Back to Bob Kane for rebuttals. "Batman is the epitome of virility and manliness—just the opposite image of the fag." "Wertham read homosexuality into this thing because I had a man and a boy living in a big house together—in the same bedroom—with just a butler and no female around. The doctor read homosexuality into it, through his eyes, but for that matter he also put down the WONDER WOMAN comic as a lesbian invention." "It was all hogwash but I had to do something about it anyway. So I changed their bedrooms and I added Aunt Harriet—sort of a mother to both of them." Thus sayeth Kane but…was Aunt Harriet added in the comics prior to the TV series? Certainly Kane who was NOT the writer (or the artist for that matter but that’s a whole other can of worms) would not have been the one to add the character anyway. Bob’s final word on the subject? "Even so, I suppose the homosexuals like the TV show because of those tight outfits Adam west and Burt Ward wear.

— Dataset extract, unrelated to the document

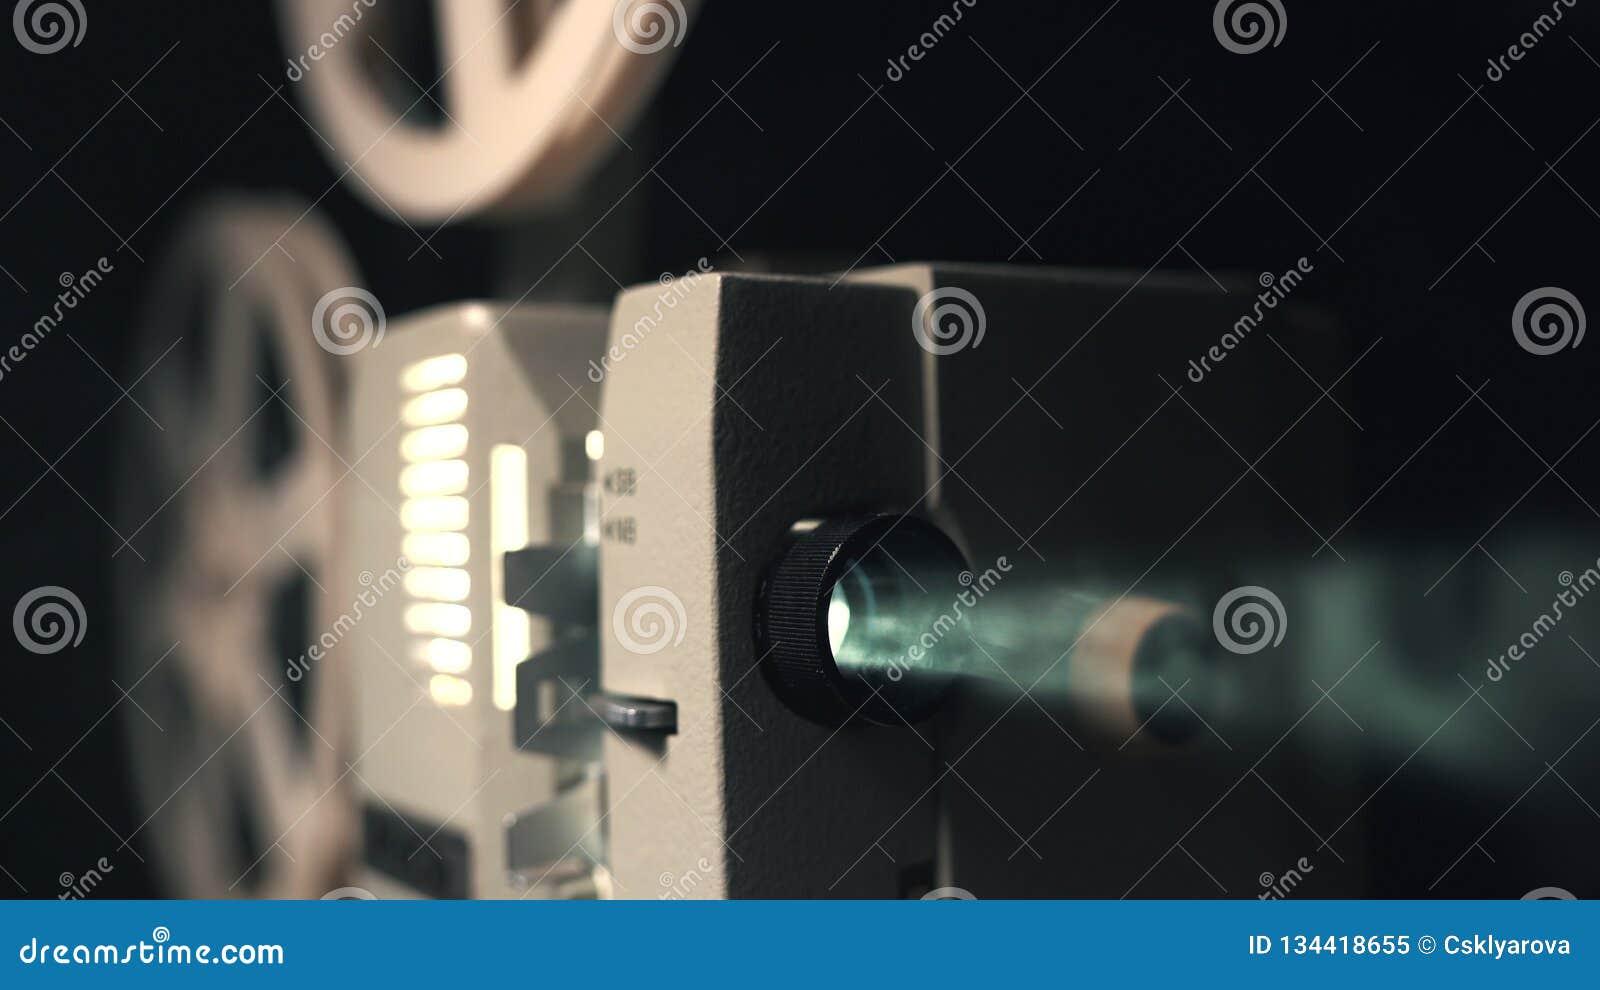 Frontowy widok staromodny antykwarski Super 8mm ekranowy projektor, projektuje promień światło w ciemnym pokoju obok a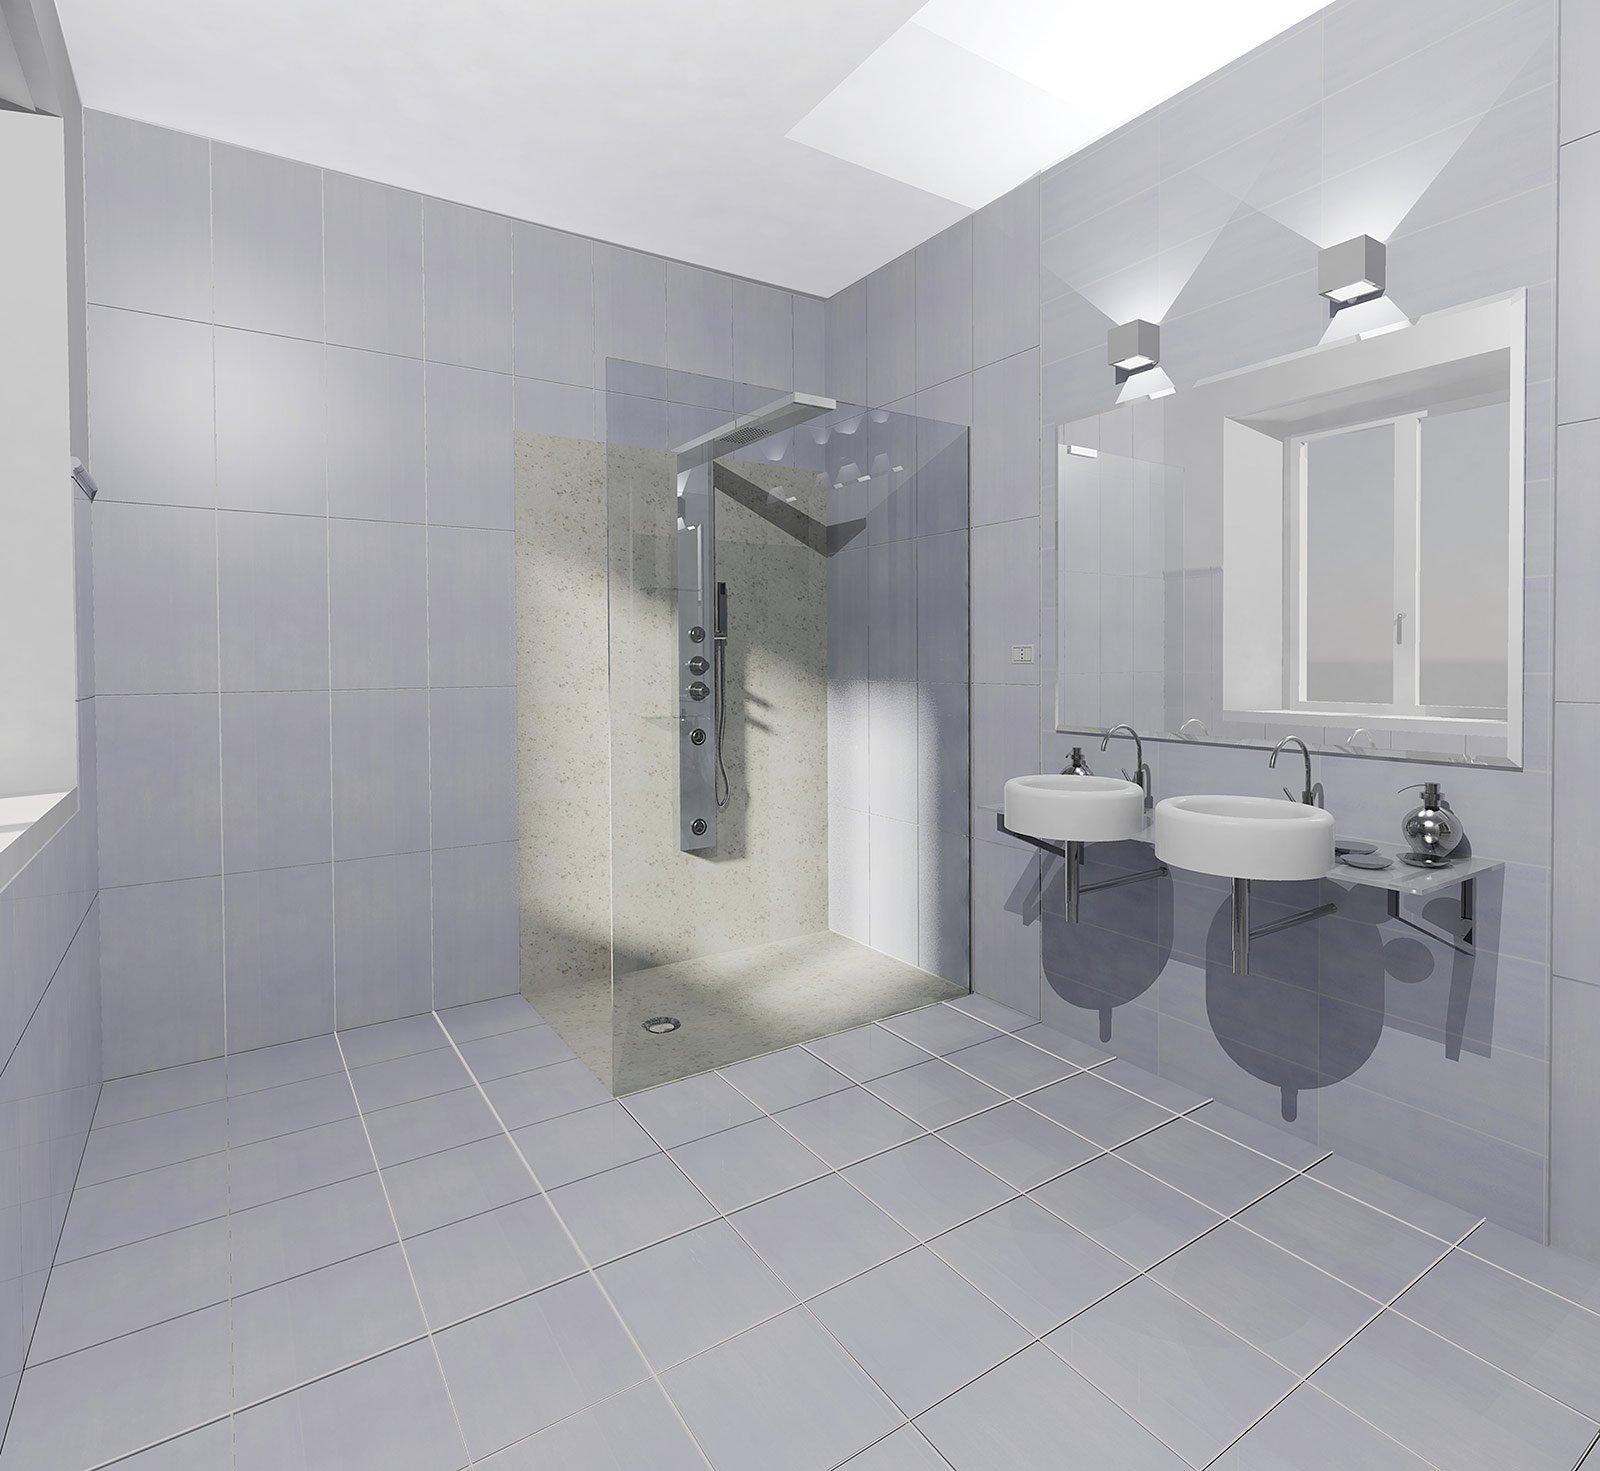 scegliere i rivestimenti per pareti e pavimenti cose di casa

I imagine they sit around watching them on the screen and slap each other on the knees with the sheer joy of it all, but what can you do about that? I can’t change the characters because they weren’t homos in the first place and because you have to be crazy to fight success."
Sann adds "The esoteric quarrel over the sexuality of the new TV heroes had little impact." He notes the success of the revived BATMAN newspaper strip and adds, "What editor of a red-blooded American daily would buy an adventure strip with a homosexual theme?"
Although they were products of their time and may well have changed their opinions on things in later years as many did, Bob Kane chose to ignore the issue all together in his own 1989 autobiography. It certainly makes you wonder what Kane and the series’ producers would have thought about the all new BATWOMAN, doesn’t it? Finally, I can’t help but wonder why author Sann chose that particular photo of the Caped Crusaders to illustrate this section. Seriously. "Bat-extension????" Was that really necessary?

1 comment:

Emilio Pacheco said...

Yes, Aunt Harriet was created before the series and Alfred was killed in the same story. However, with the success of the TV series, which included both Alfred and Aunt Harriet, the butler was brought back to the comics. It was revealed he hadn't died, he had actually turned into the Outsider, which had been Batman's foe before becoming Alfred again.